━━ Dataset records

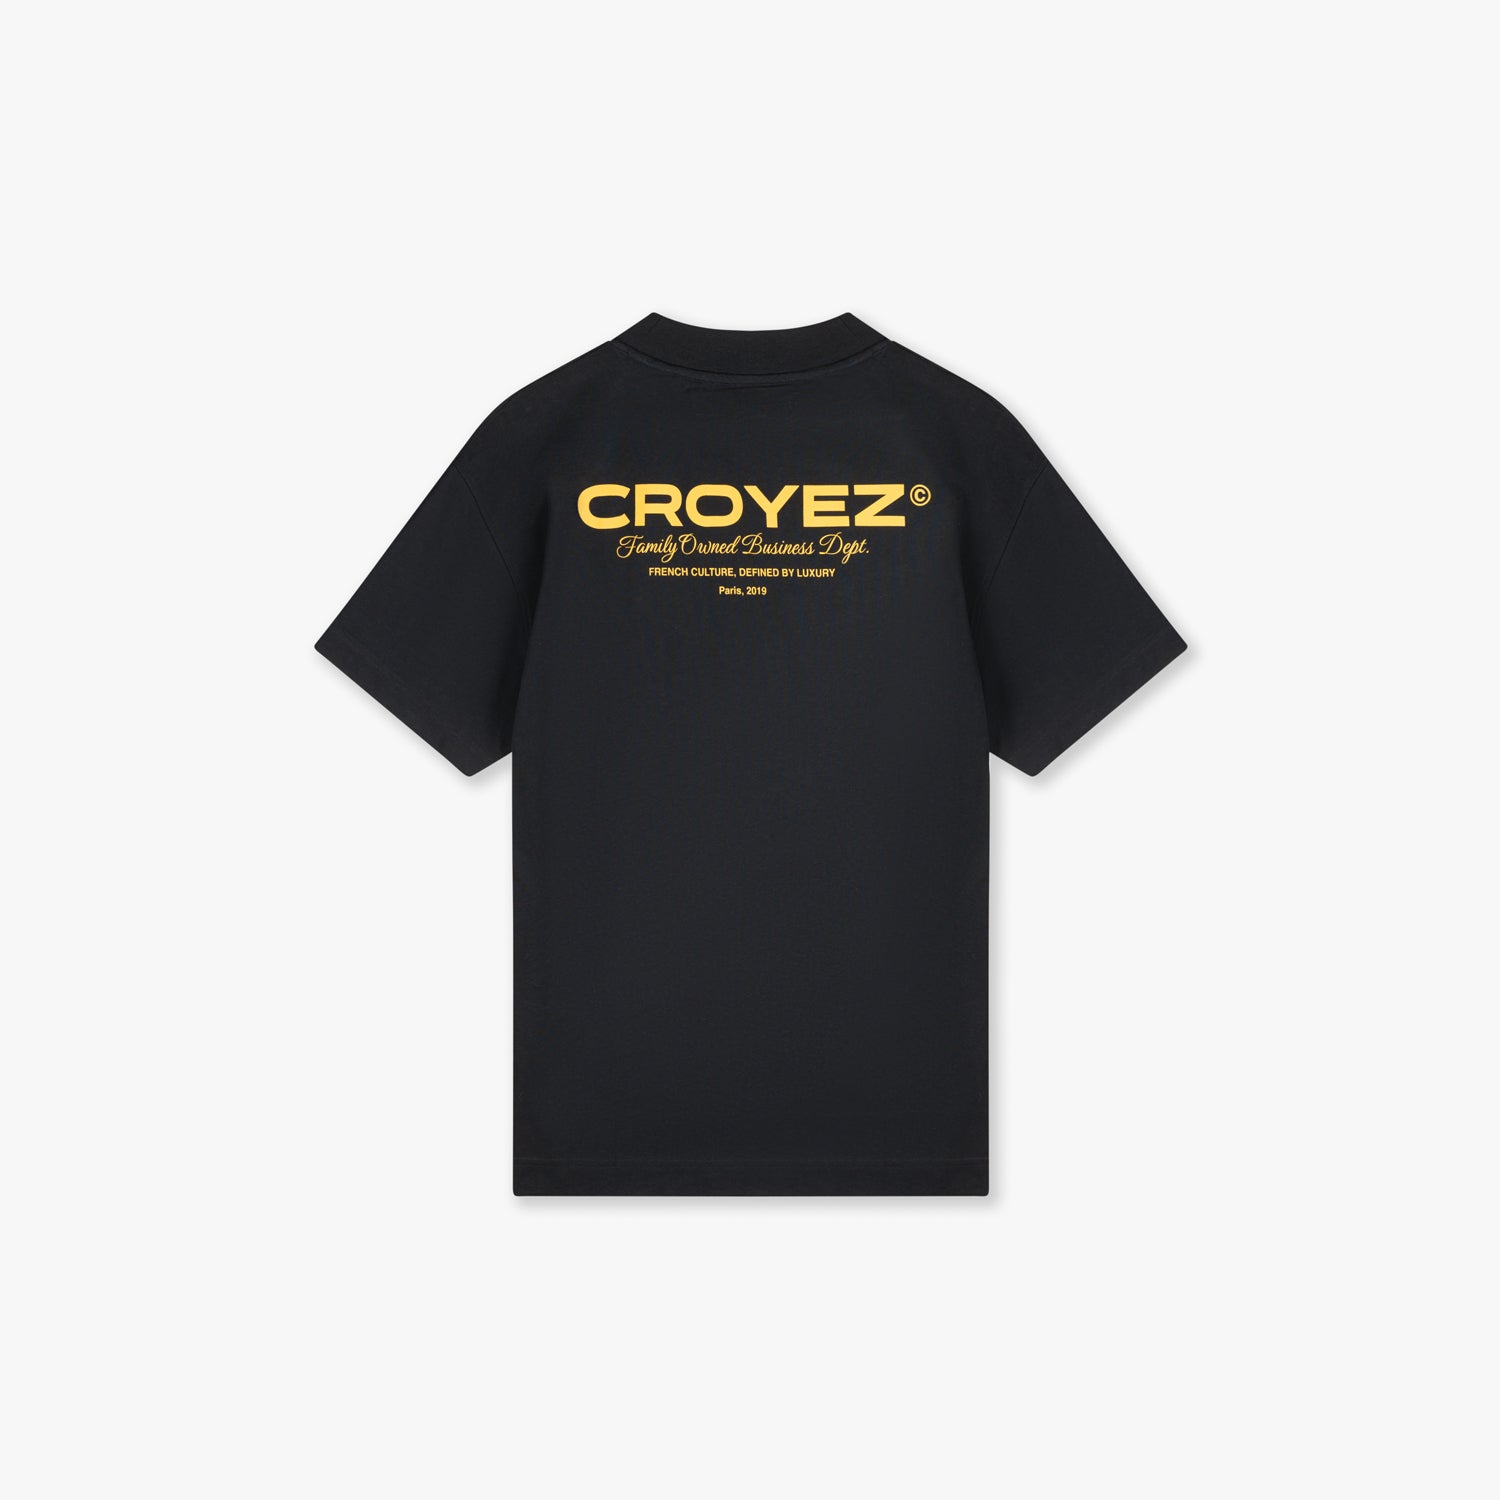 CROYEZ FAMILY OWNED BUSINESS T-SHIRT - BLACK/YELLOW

━━━━
━━ Dataset records

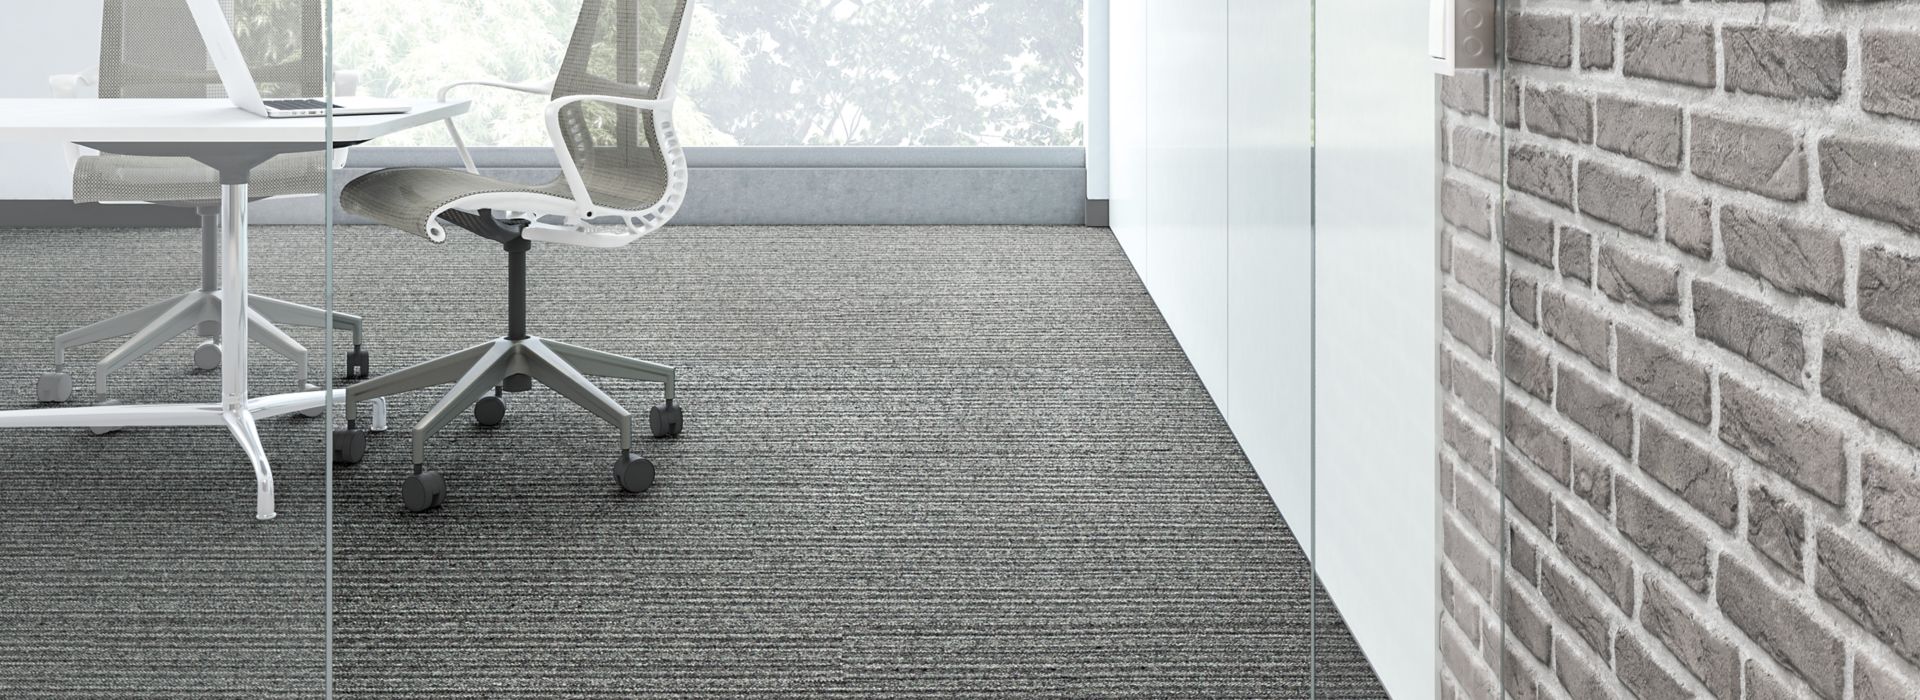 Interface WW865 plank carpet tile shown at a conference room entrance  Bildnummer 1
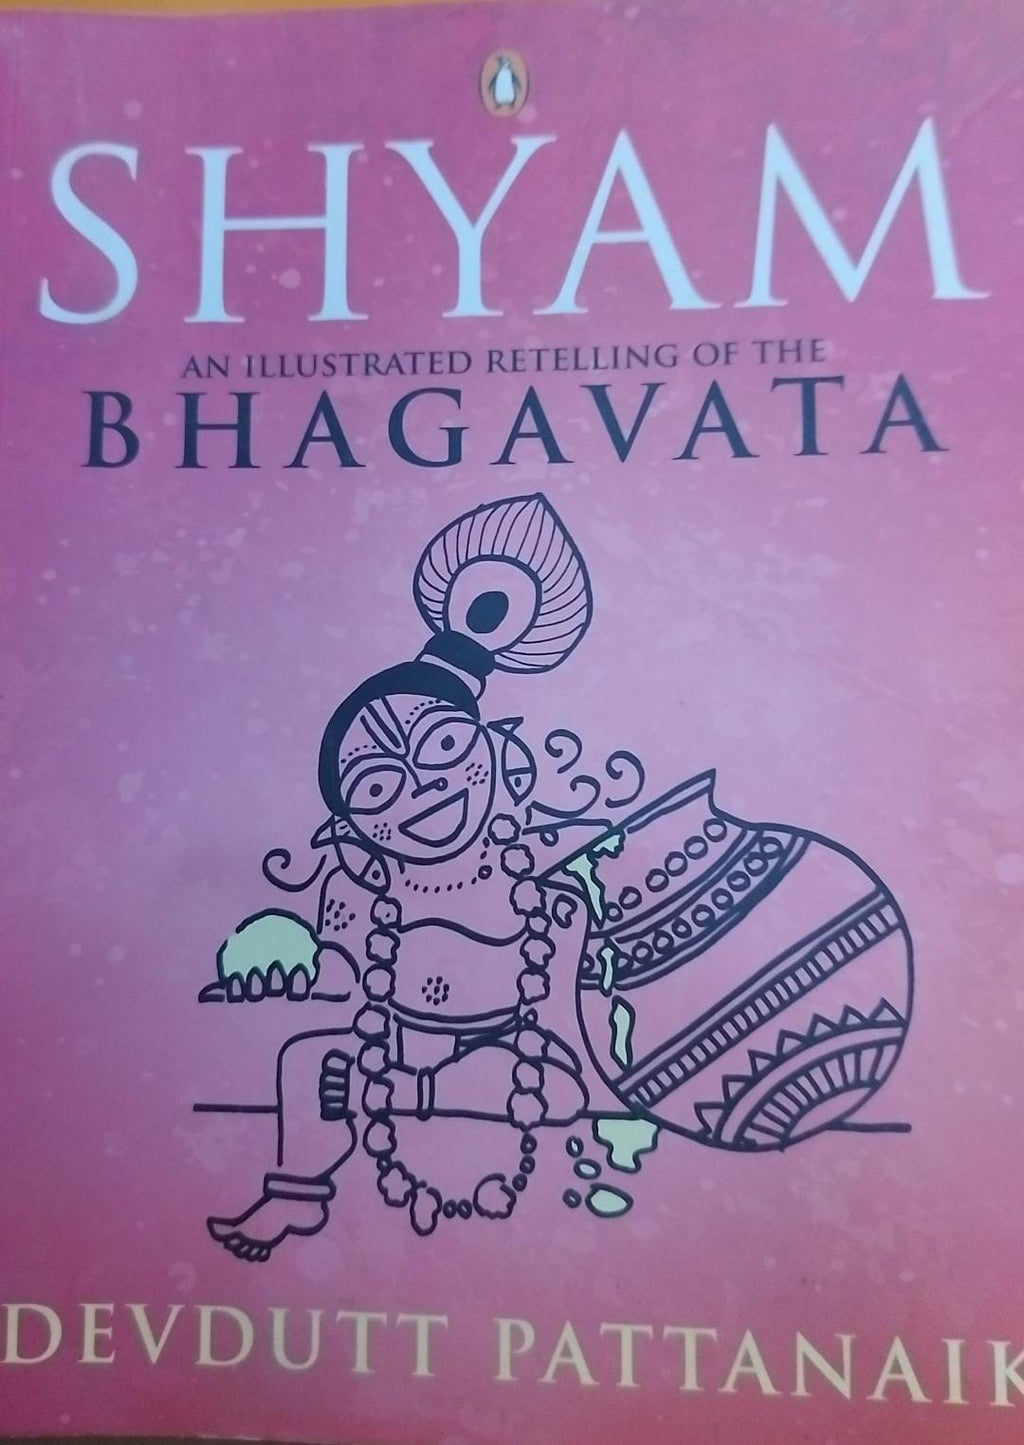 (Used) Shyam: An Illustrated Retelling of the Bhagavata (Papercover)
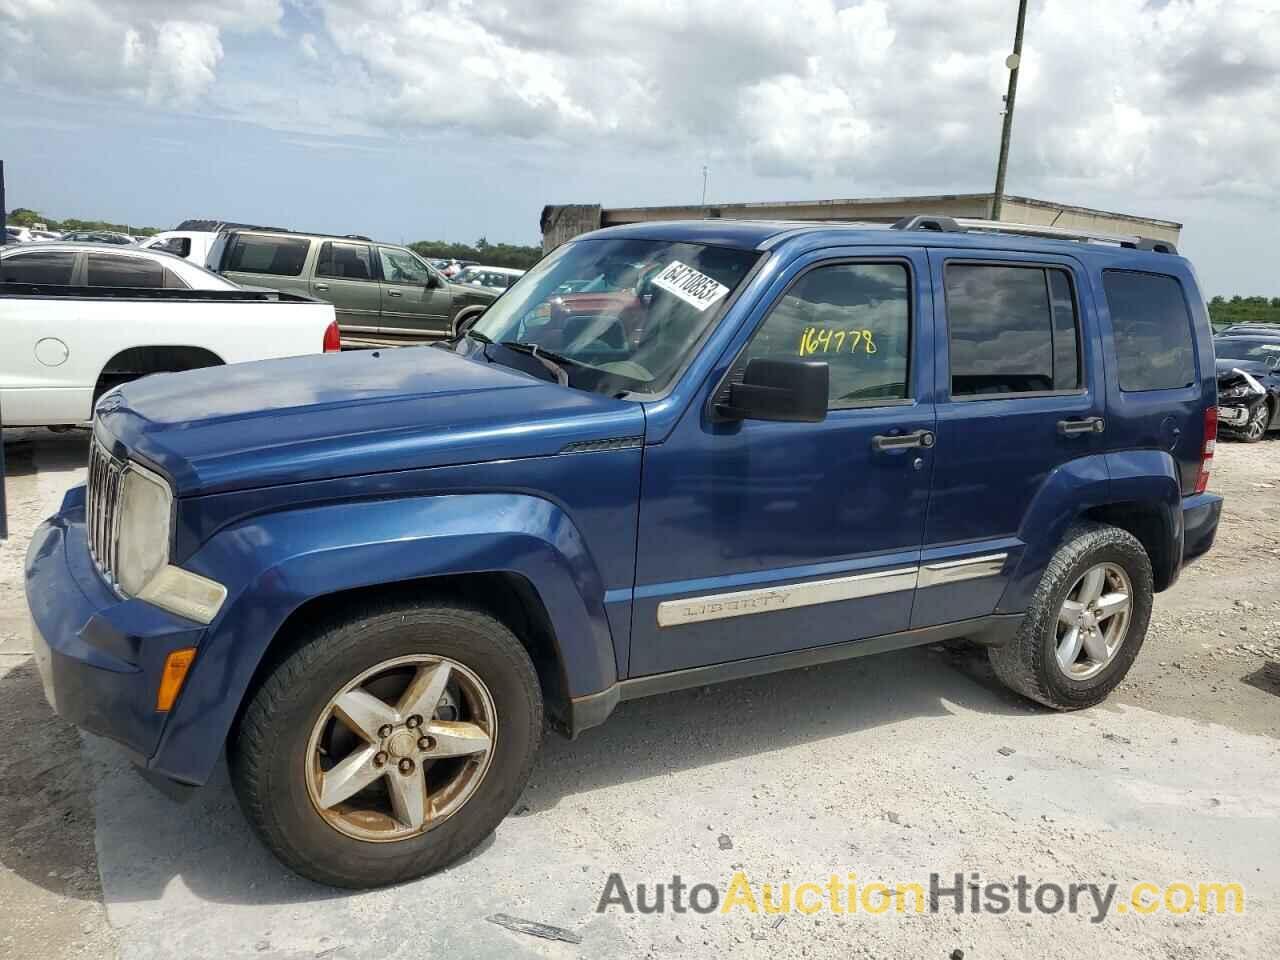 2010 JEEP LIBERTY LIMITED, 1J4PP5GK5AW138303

━━━━

Reproduce the listing above from the line that holds "(Used) Shyam: An" through the line that holds "2010 JEEP LIBERTY LIMITED, 1J4PP5GK5AW138303", both included, with the pictures left out.

(Task output):
 (Used) Shyam: An Illustrated Retelling of the Bhagavata (Papercover)
 2010 JEEP LIBERTY LIMITED, 1J4PP5GK5AW138303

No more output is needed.